Самый яркий пример — есть в Заполярье такой маленький гордый город Ноябрьск. И он замечательный тем, что там добывалось около 70% российского газа и 12% российской нефти. Население городка — 100 000. Причем, чтобы он стал 100-тысячником, к нему приписали в качестве микрорайона поселок, который находится на расстоянии 130 километров. При этом там великолепный аэропорт, два-три рейса в день на Москву. По числу Porsche Cayenne на душу населения там — Москва просто жлобская деревня. Железнодорожная станция — там чуть севернее заходит железная дорога. В городе база многих добывающих компаний: физически они от Ноябрьска далеко находятся, но там живут семьи, там находятся склады, техника и так далее, ж/д-станция, аэропорт. Причем аэропорт по высшему классу. Они получили систему слепой посадки раньше, чем Внуково…
— Правительственный, на минуточку, аэропорт.

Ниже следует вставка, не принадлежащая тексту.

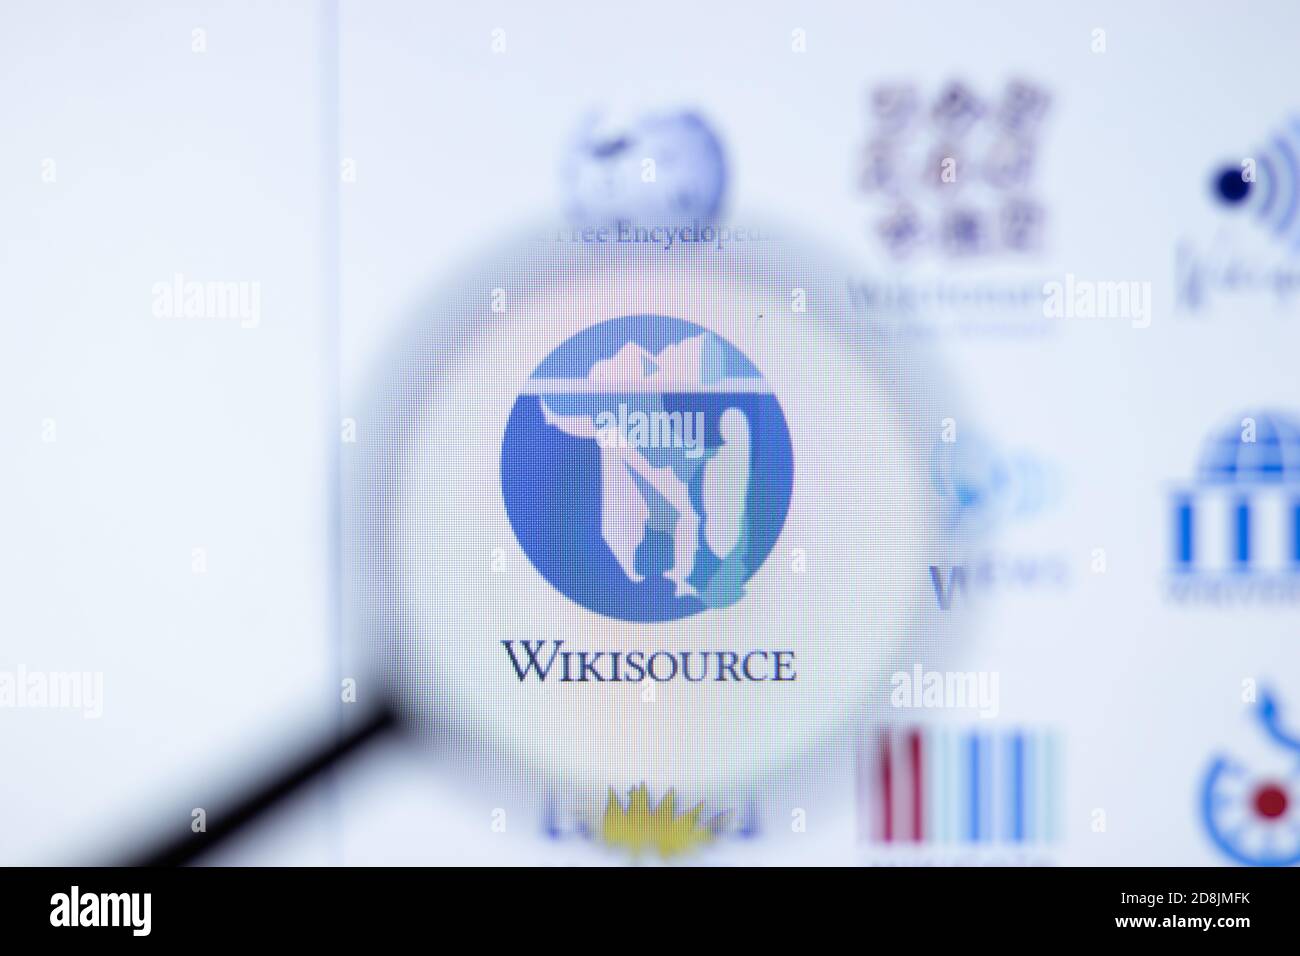 New York, USA - 29. September 2020: Wikisource Firmenwebsite mit Logo aus der Nähe, illustrative Editorial Stockfoto
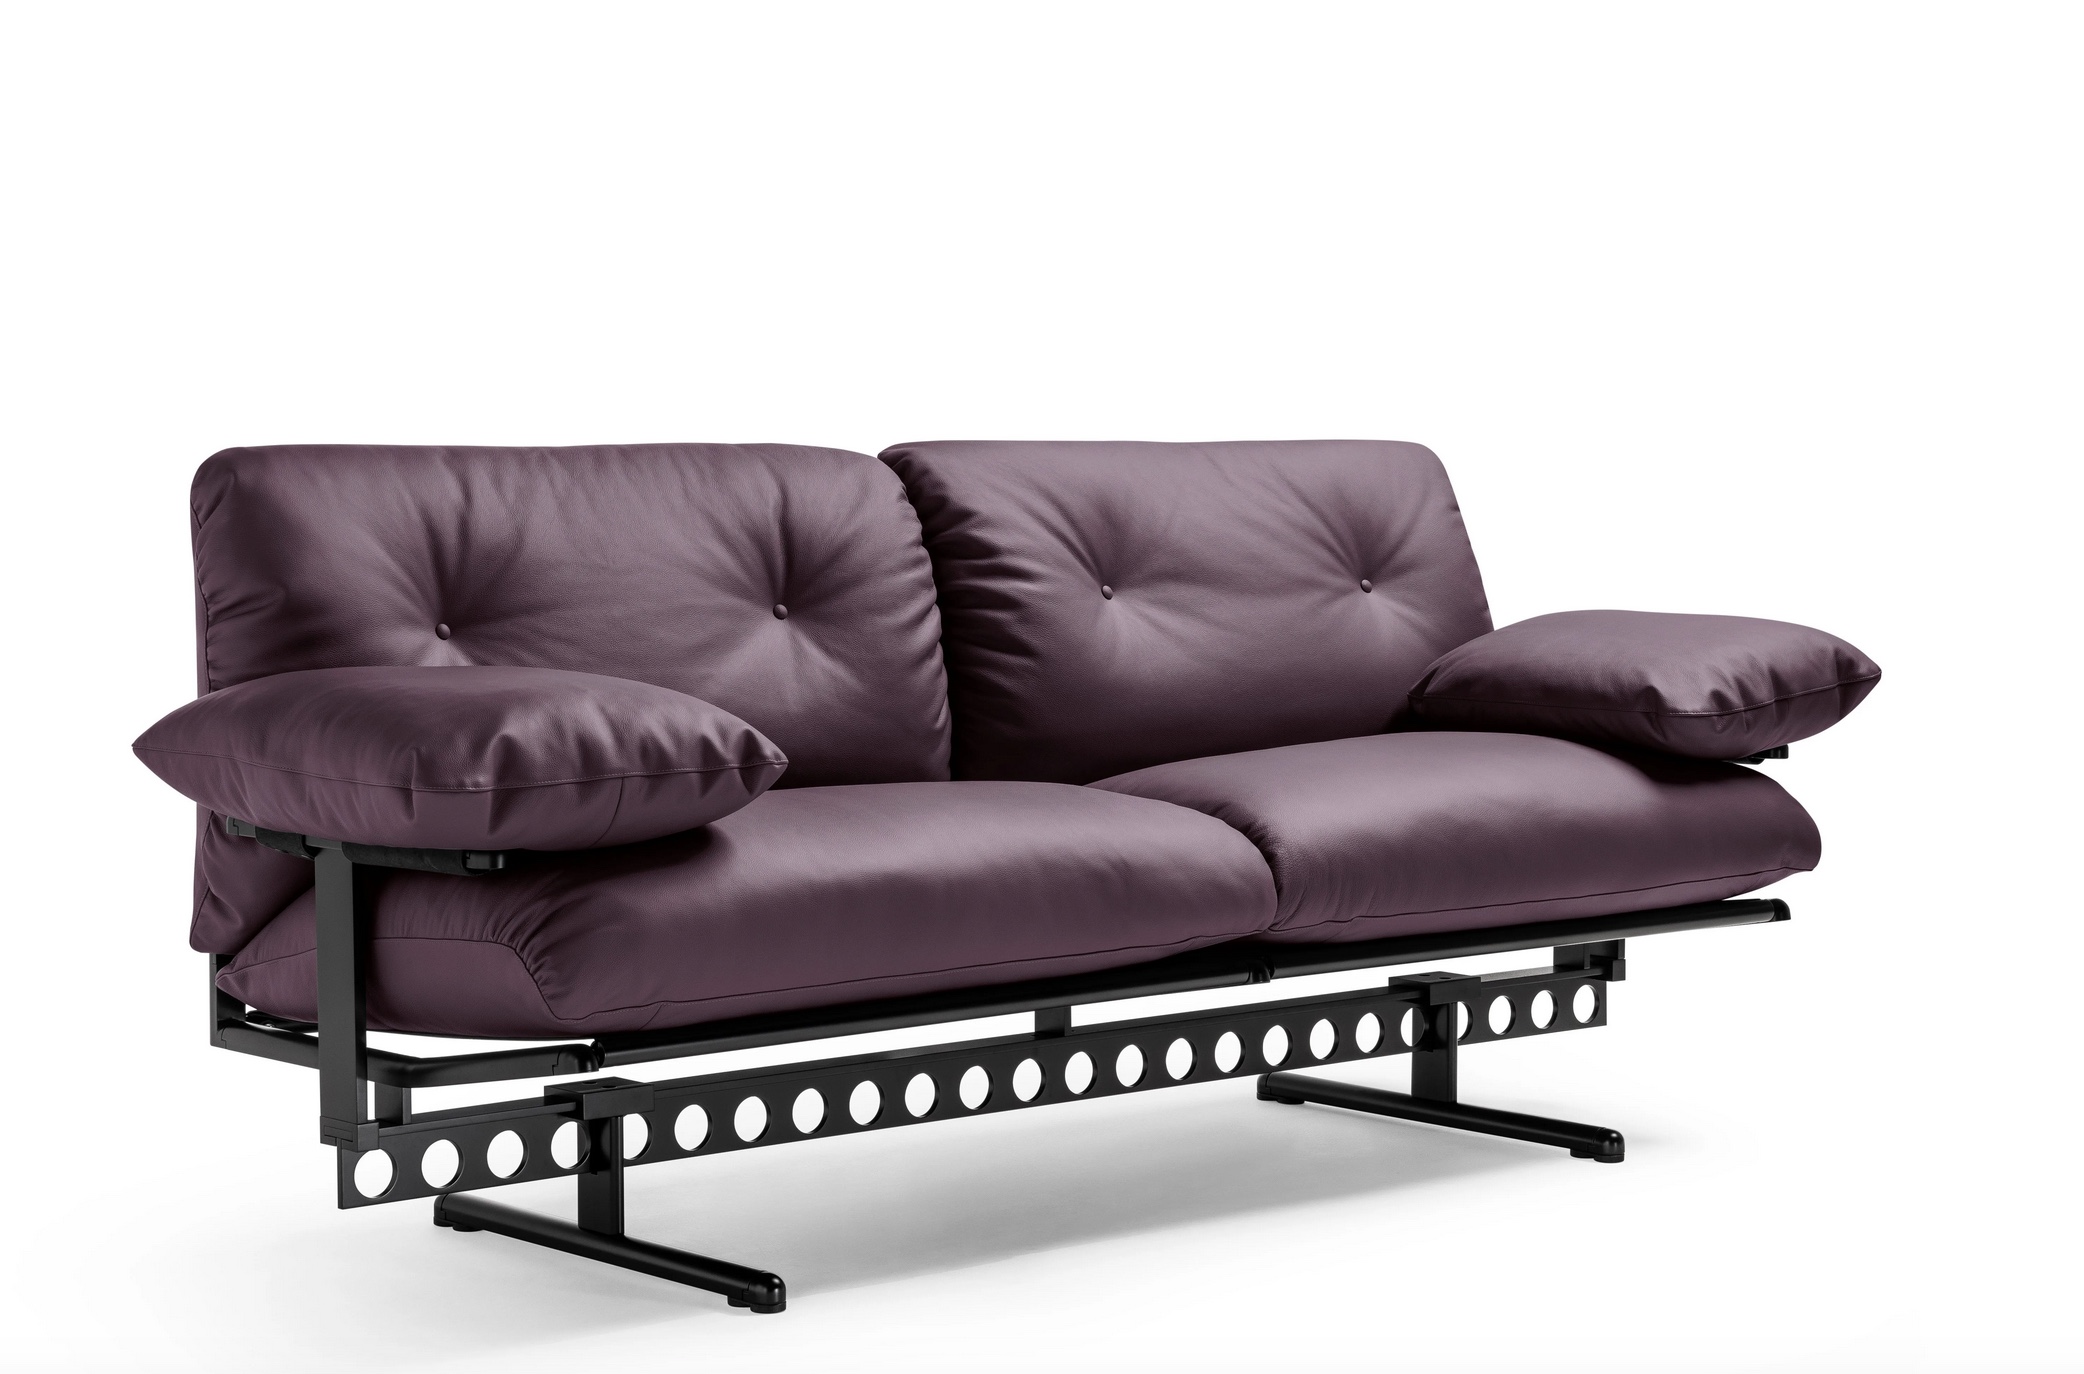 At Design Miami: Oeuverture Sofa

— Они купили раньше — «Газпром», на самом деле, купил. Потому что там нужно было обеспечить доступность, а погода бывает плохая, особенно в осенне-зимний период, а эта буржуйская система слепой посадки вообще игнорирует любой туман. Как вы думаете, кому-то нужна была бы вот эта вся инфраструктура у Полярного круга, если бы там не добывались нефть и газ? Там хорошая больница. Опять-таки, за какие бы деньги она там было, если бы не нефтяники с газовиками? И получается, что реальный вклад ТЭКа больше тех формальных значений, которые считаются по их налоговым поступлениям, понимаете?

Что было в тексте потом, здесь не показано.